This notebook demonstrates the application of ML_GENERATE for summarization using data from the 2024 Olympic Games.

### References
- https://www.economicsobservatory.com/what-happened-at-the-2024-olympics
- https://en.wikipedia.org/wiki/2024_Summer_Olympics


### Prerequistises
Install the necessary packages

- mysql-connector-python
- pandas 
- langchain_community
- unstructured

##### Import Python packages

In [63]:
# import Python packages
import os
import json
import numpy as np
import pandas as pd
import mysql.connector
from langchain_community.document_loaders import UnstructuredURLLoader

### Connect to the HeatWave instance
We create a connection to an active [HeatWave](https://www.oracle.com/mysql/) instance using the [MySQL Connector/Python](https://dev.mysql.com/doc/connector-python/en/).
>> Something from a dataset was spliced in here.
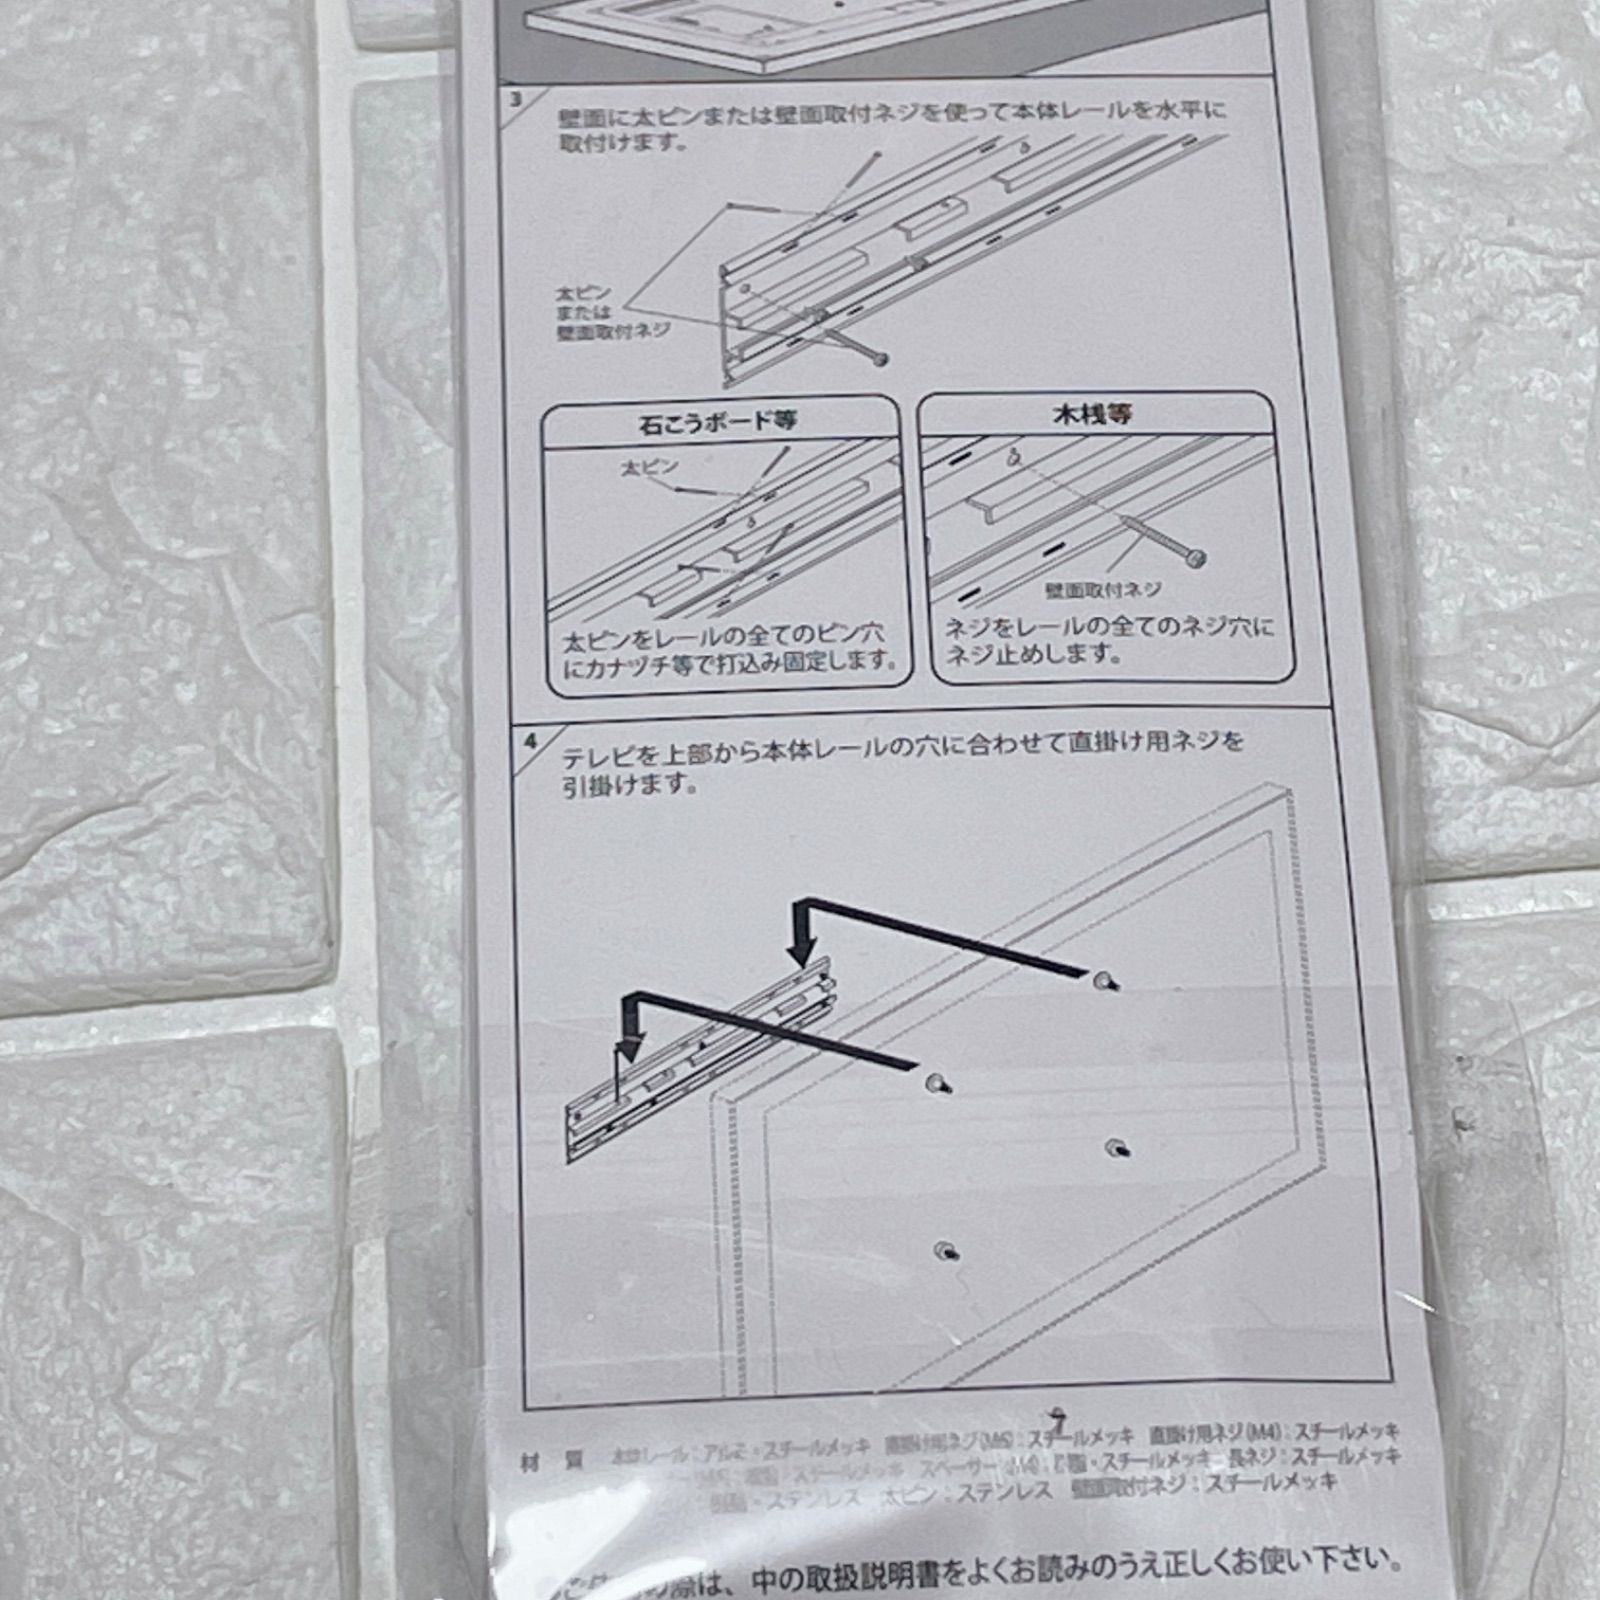 オリジン工業 簡単壁掛けユニット テレビ壁掛けレール 300 M-5051 日本製 made in Japan - メルカリ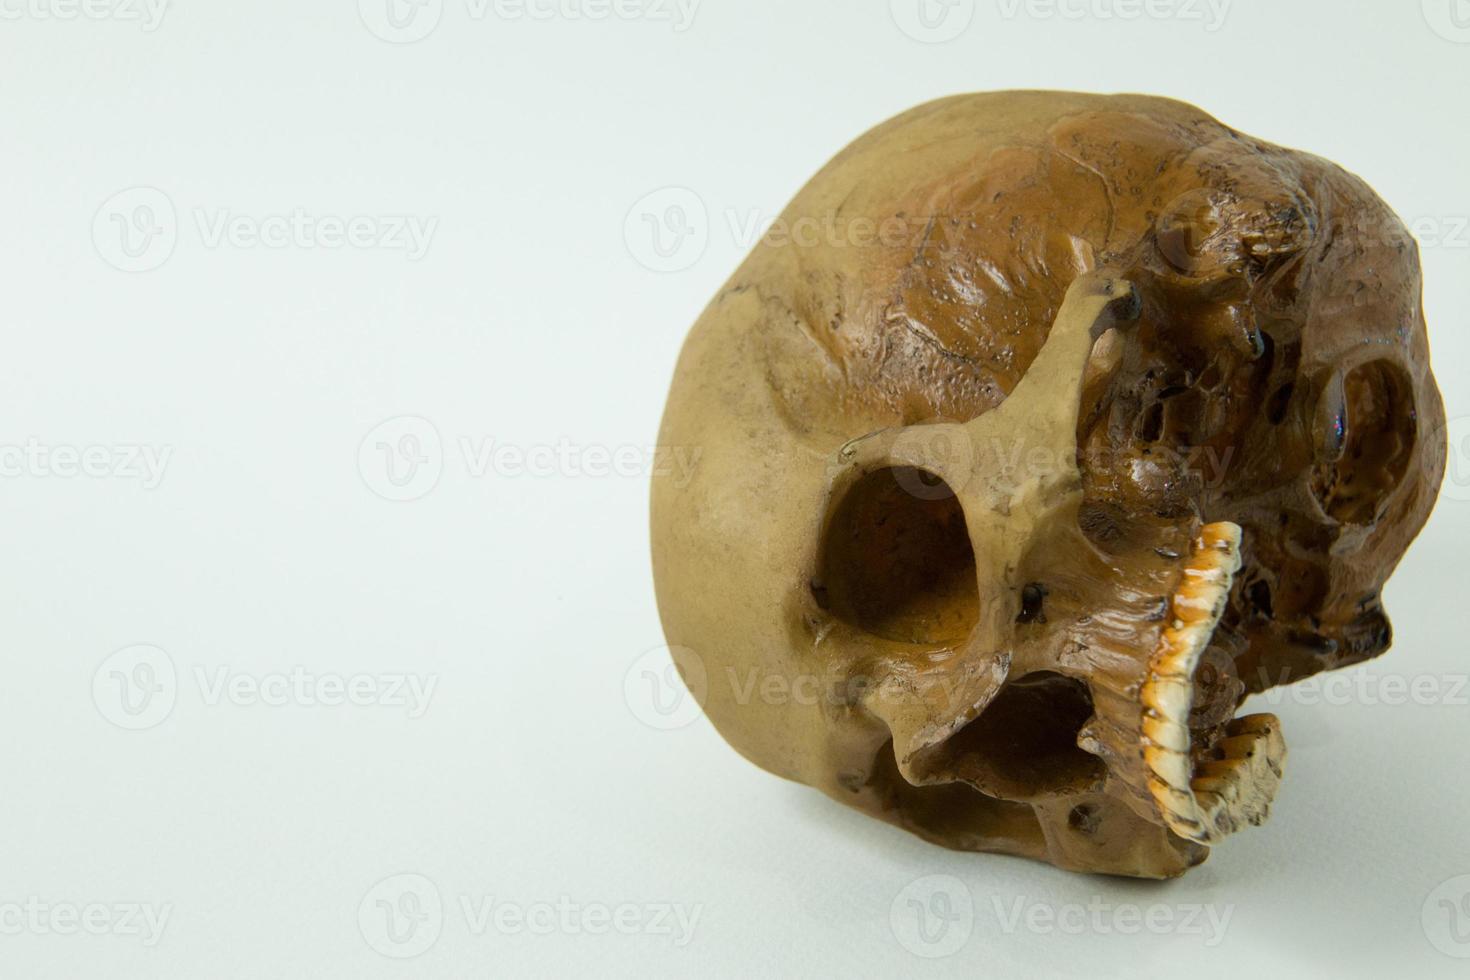 immagine ravvicinata del cranio su sfondo bianco. foto

We also define an API to execute a SQL query using a cursor, and the result is returned as a Pandas DataFrame. Modify the below variables to point to your HeatWave instance. On AWS, set USE_BASTION to False. On OCI, please create a tunnel on your machine using the below command by substituting the variable with their respective values

ssh -o ServerAliveInterval=60 -i BASTION_PKEY -L LOCAL_PORT:DBSYSTEM_IP:DBSYSTEM_PORT BASTION_USER@BASTION_IP

In [None]:
BASTION_IP ="ip_address"
BASTION_USER = "opc"
BASTION_PKEY = "private_key_file"
DBSYSTEM_IP = "ip_address"
DBSYSTEM_PORT = 3306
DBSYSTEM_USER = "username"
DBSYSTEM_PASSWORD = "password"
DBSYSTEM_SCHEMA = "mlcorpus"
LOCAL_PORT = 3306
USE_BASTION = True

if USE_BASTION is True:
    DBSYSTEM_IP = "127.0.0.1"
else:
    LOCAL_PORT = DBSYSTEM_PORT

mydb = mysql.connector.connect(
    host=DBSYSTEM_IP,
    port=LOCAL_PORT,
    user=DBSYSTEM_USER,
    password=DBSYSTEM_PASSWORD,
    database=DBSYSTEM_SCHEMA,
    allow_local_infile=True,
    use_pure=True,
    autocommit=True,
)
mycursor = mydb.cursor()


# Helper function to execute SQL queries and return the results as a Pandas DataFrame
def execute_sql(sql: str) -> pd.DataFrame:
    mycursor.execute(sql)
    return pd.DataFrame(mycursor.fetchall(), columns=mycursor.column_names)


# ML_GENERATE operation

You can perform content summarization using the ML_GENERATE procedure (by specifying the task type as summarization).

### Text summarization

Load the 2024 Olympic data from the URL.

In [65]:
url = "https://www.economicsobservatory.com/what-happened-at-the-2024-olympics"
loader = UnstructuredURLLoader(urls=[url])
docs = loader.load()

Set a variable (@document, in this example) to the content of the document you want to summarize.

In [66]:
execute_sql(f"""SET @document = '{docs[0].page_content}';""")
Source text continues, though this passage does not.